» **TASK BRIEF**
Everything below from the line with "[Yamamoto] 18-gou to" through the line with "Un paio di pelli" should be copied exactly, and nothing else; leave out the pictures.

» **DATA FOR THE TASK**
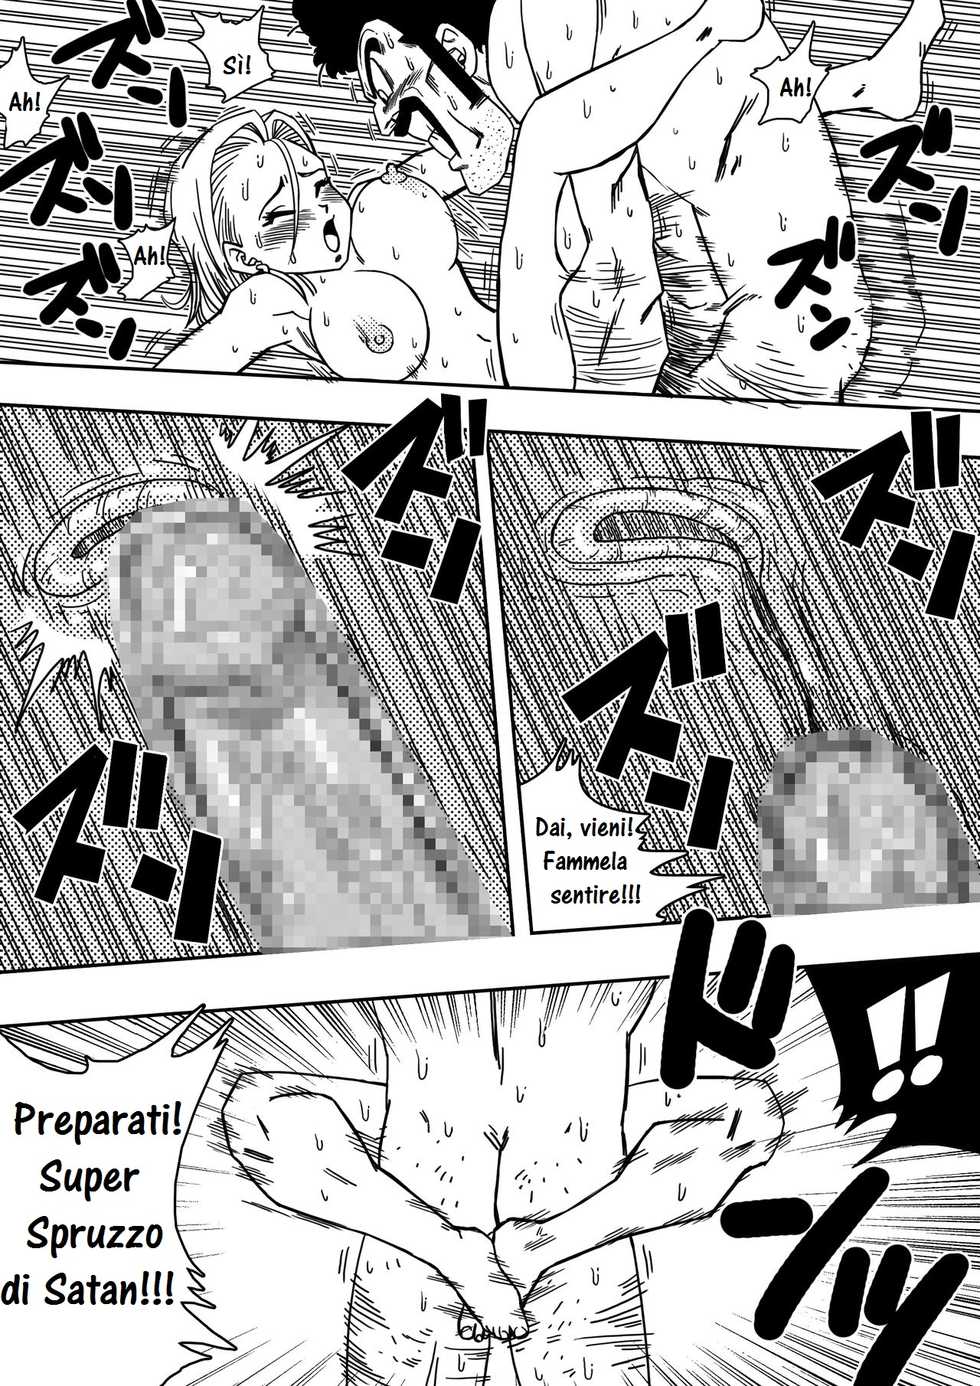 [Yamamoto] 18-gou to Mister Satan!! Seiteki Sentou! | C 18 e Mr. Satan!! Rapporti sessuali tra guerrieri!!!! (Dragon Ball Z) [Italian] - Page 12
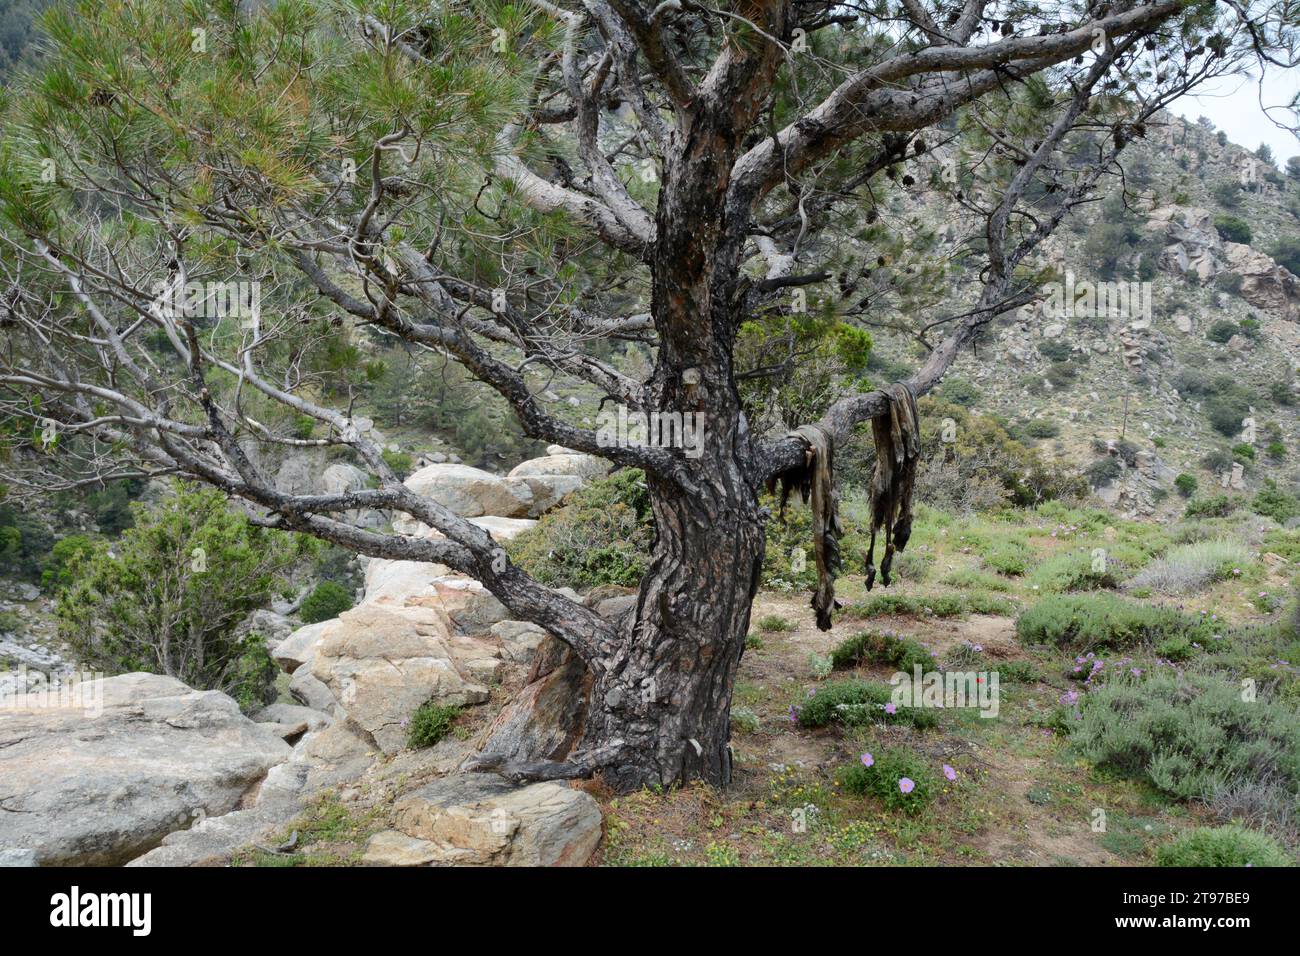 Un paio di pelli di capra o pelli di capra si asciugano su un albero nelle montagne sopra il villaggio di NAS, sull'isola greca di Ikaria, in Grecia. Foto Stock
* * *
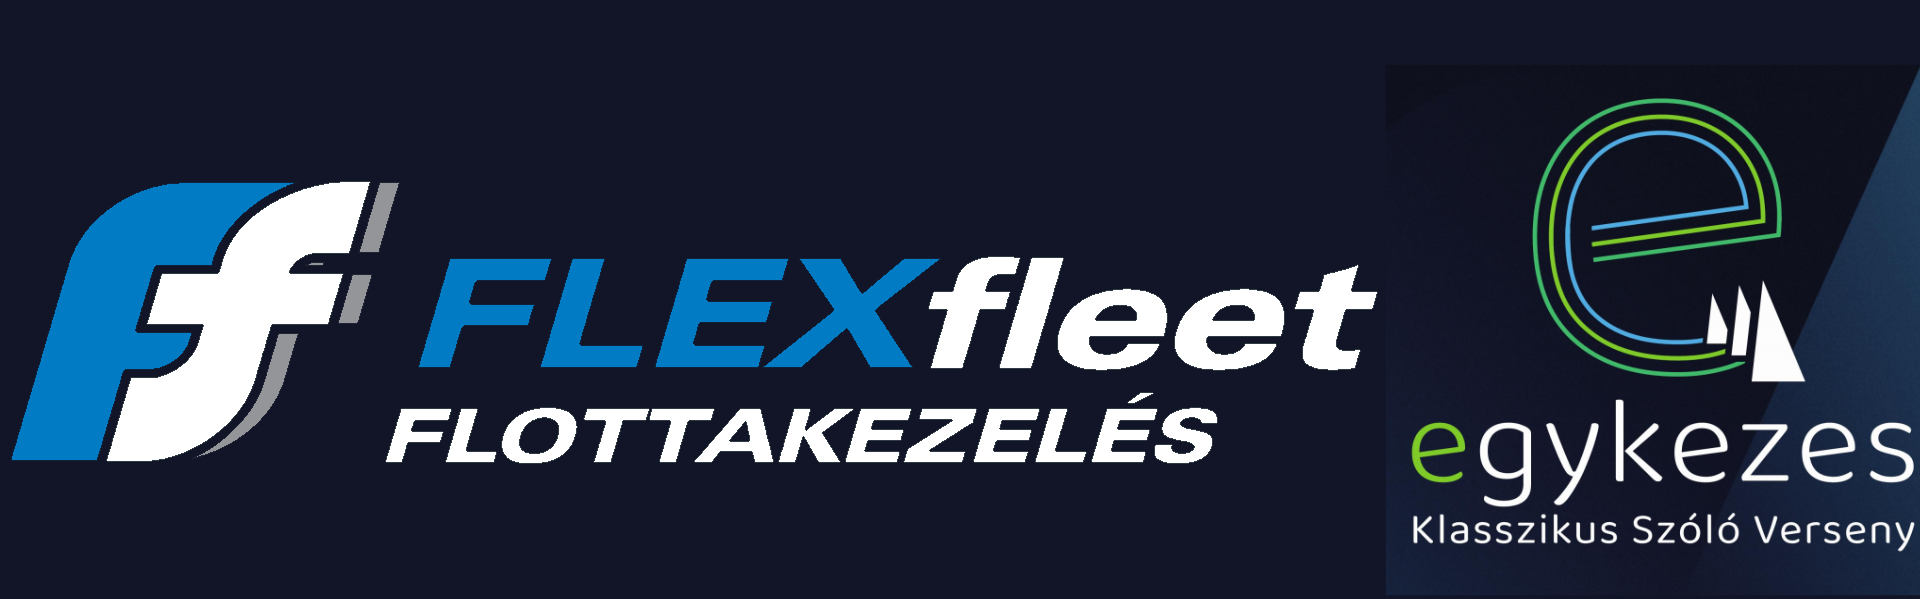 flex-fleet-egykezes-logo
==
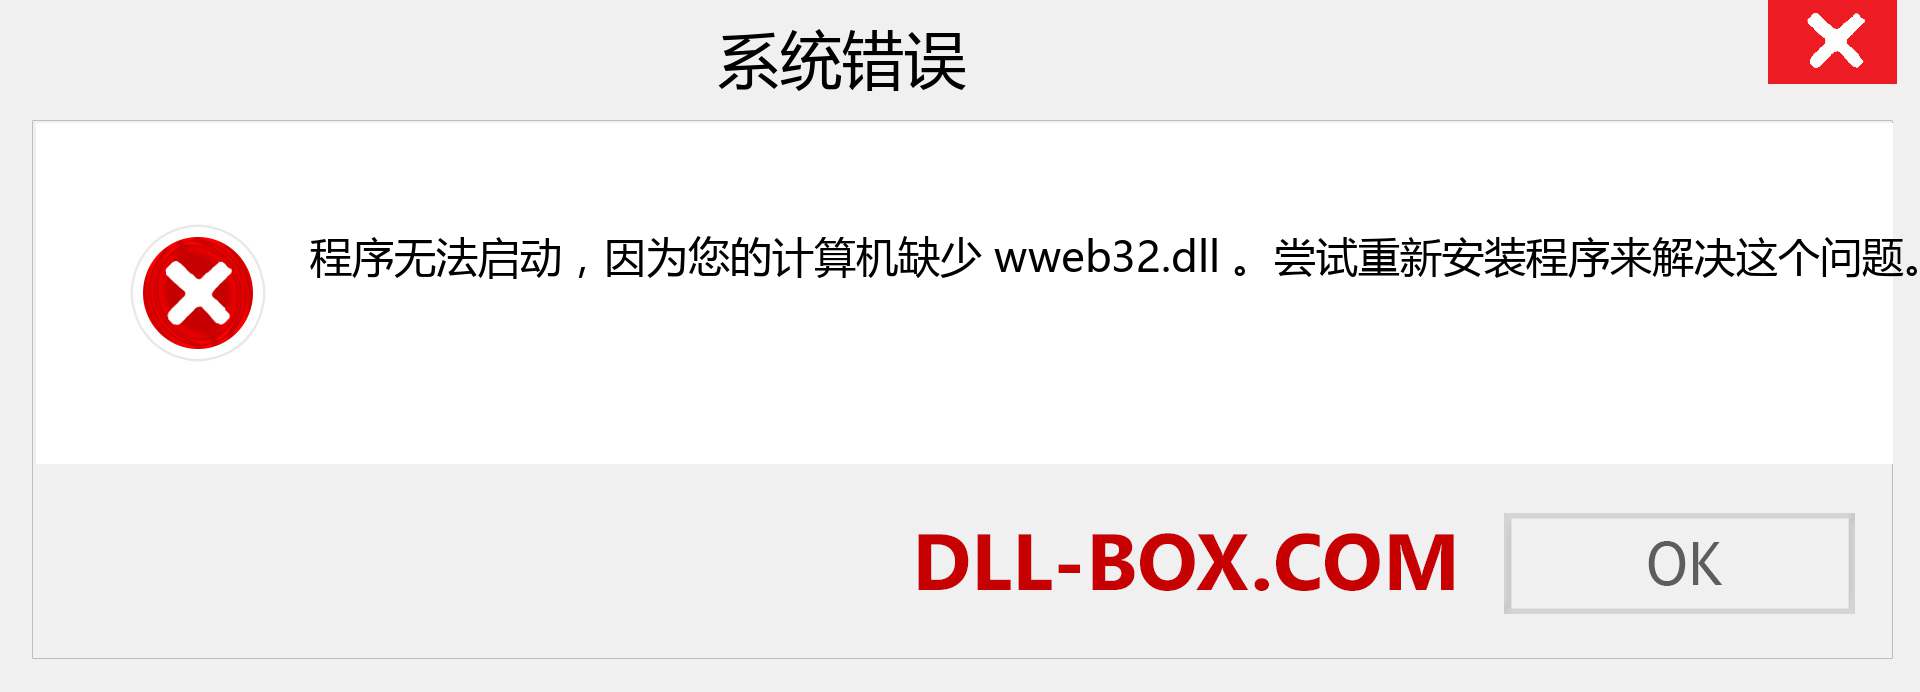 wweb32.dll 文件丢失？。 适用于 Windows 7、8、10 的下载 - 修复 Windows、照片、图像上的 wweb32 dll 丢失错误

» **EXPECTED ANSWER**
 [Yamamoto] 18-gou to Mister Satan!! Seiteki Sentou! | C 18 e Mr. Satan!! Rapporti sessuali tra guerrieri!!!! (Dragon Ball Z) [Italian] - Page 12
 Un paio di pelli di capra o pelli di capra si asciugano su un albero nelle montagne sopra il villaggio di NAS, sull'isola greca di Ikaria, in Grecia. Foto Stock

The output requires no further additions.